Uninstal+install did it. Snort is running:

PS I did not use RAM disk, and i dont use.

bmeeks

@modesty said in SNORT:

Hi, and thanks!

Uninstal+install did it. Snort is running:

PS I did not use RAM disk, and i dont use.

Happy you got it fixed. When I first read your installation error message I did not pay enough attention to the version information. Somehow the original install files (or at least some of them) from your 3.2.9.6_1 package version got deleted by something other than the pkg utility. That utility keeps a database of what files it copied to where during a package installation sequence. When upgrading that package later on, the pkg utility first removes the old version's files and then copies over the new ones. In your case, it could not find the old version files and was aborting the upgrade process.

Modesty

Snort is running and i get a lot of alerts :

Is there a analyze tool i can use, preferably a open source (free) so i can start understanding what is happening outside my router?

I am no TCP/IP expert so a graphical tool would be the best in the beginning.

Thanks up front.

bmeeks

@modesty
There was a tool called Snorby, but it is no longer maintained. Some users here are experimenting with a tool called Graylog available here. Other folks use ELK, but to be honest ELK works better with Suricata using the EVE log options in that package. You can learn about ELK here.

Modesty

@bmeeks
Hi. I only run windows + pfsense so Graylog is not for me.
Can it be that there is no opensource log analyzer for snort logs?

bmeeks

@modesty said in SNORT:

@bmeeks
Hi. I only run windows + pfsense so Graylog is not for me.
Can it be that there is no opensource log analyzer for snort logs?

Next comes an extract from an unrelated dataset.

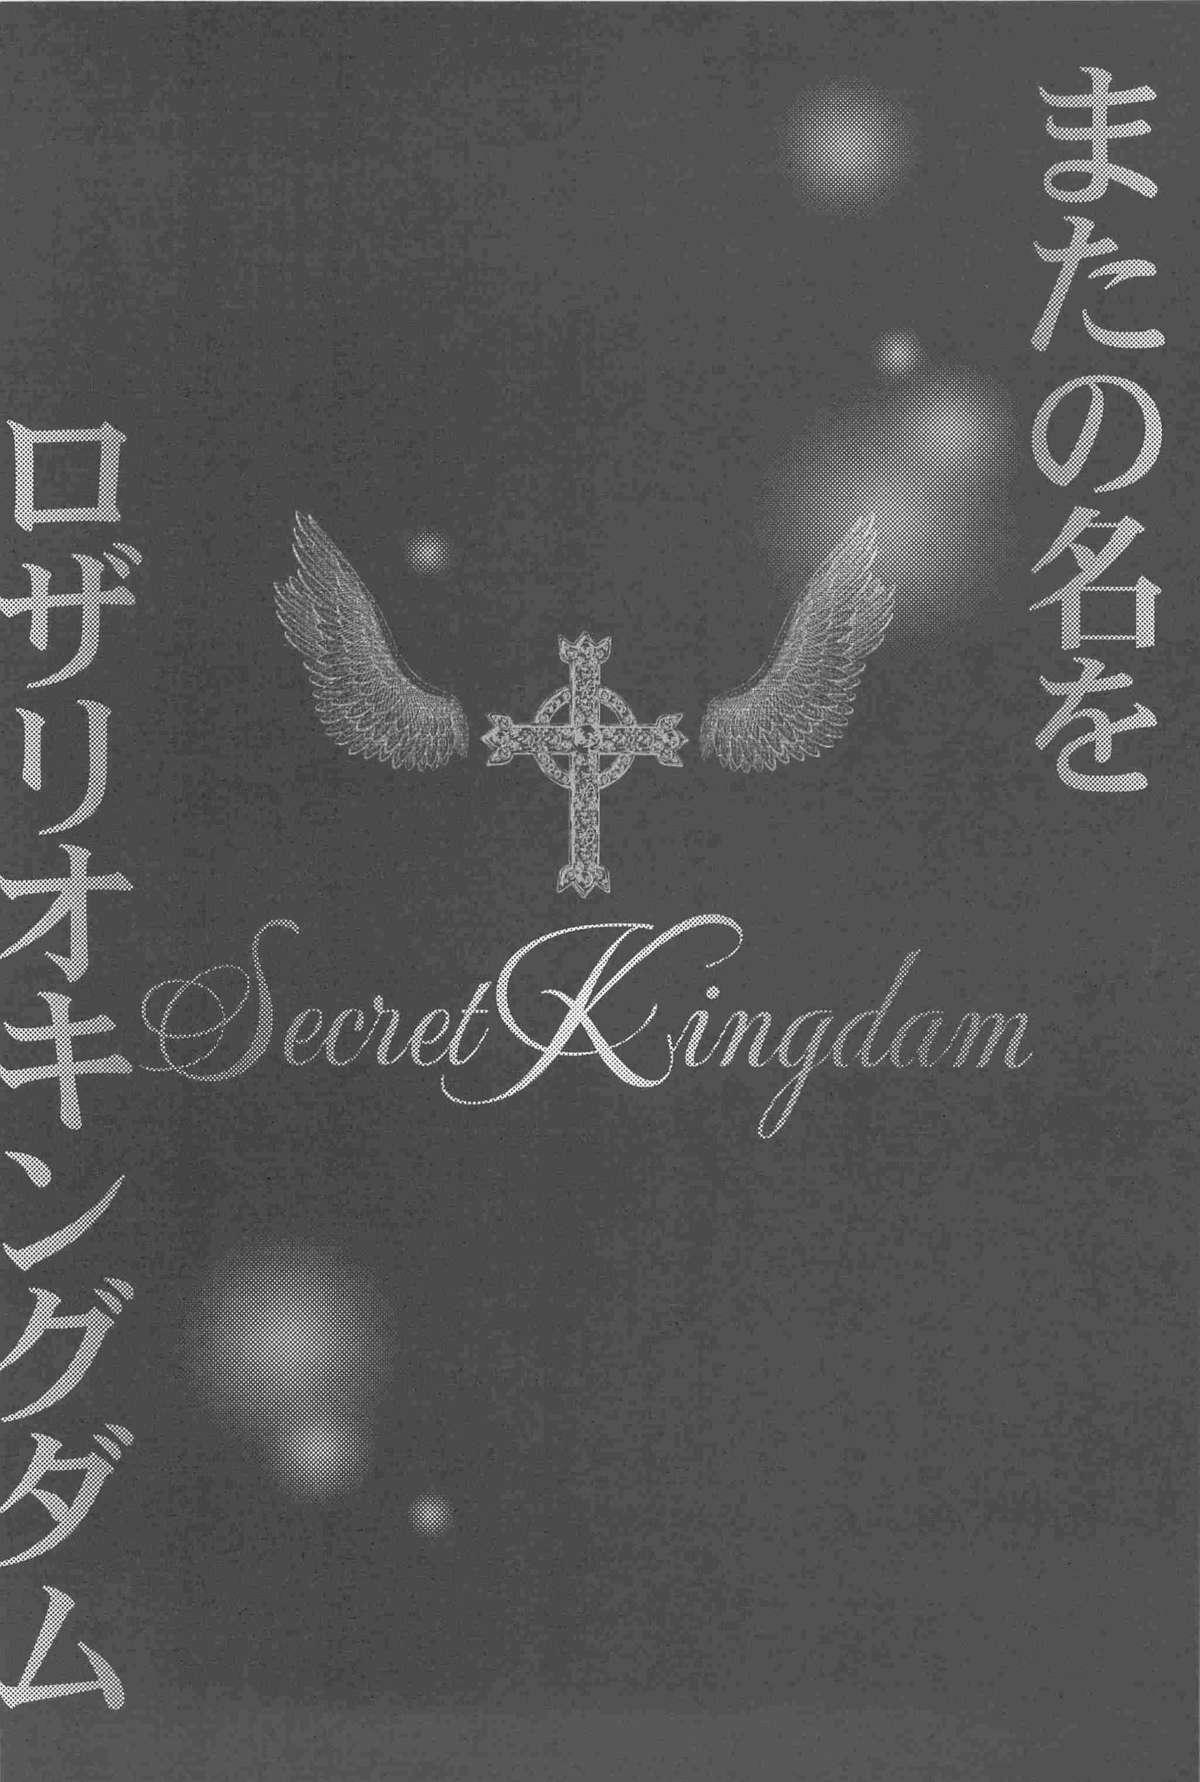 Secret Kingdom 3

For pretty much all of the open source stuff out there for log consolidation and analysis, you are going to need a Linux box to host the software. I suggest a VMware host and then one or more Linux virtual machines. If you are a Windows shop, then Hyper-V can be your host and you can run the Linux VMs on it.

The new fad these days is JSON logging, so most of the tools that ingest log files are tending toward accepting that format natively. However, some can still take plain text logs. You just might have to fiddle around with regular expressions and other minutia to get it working.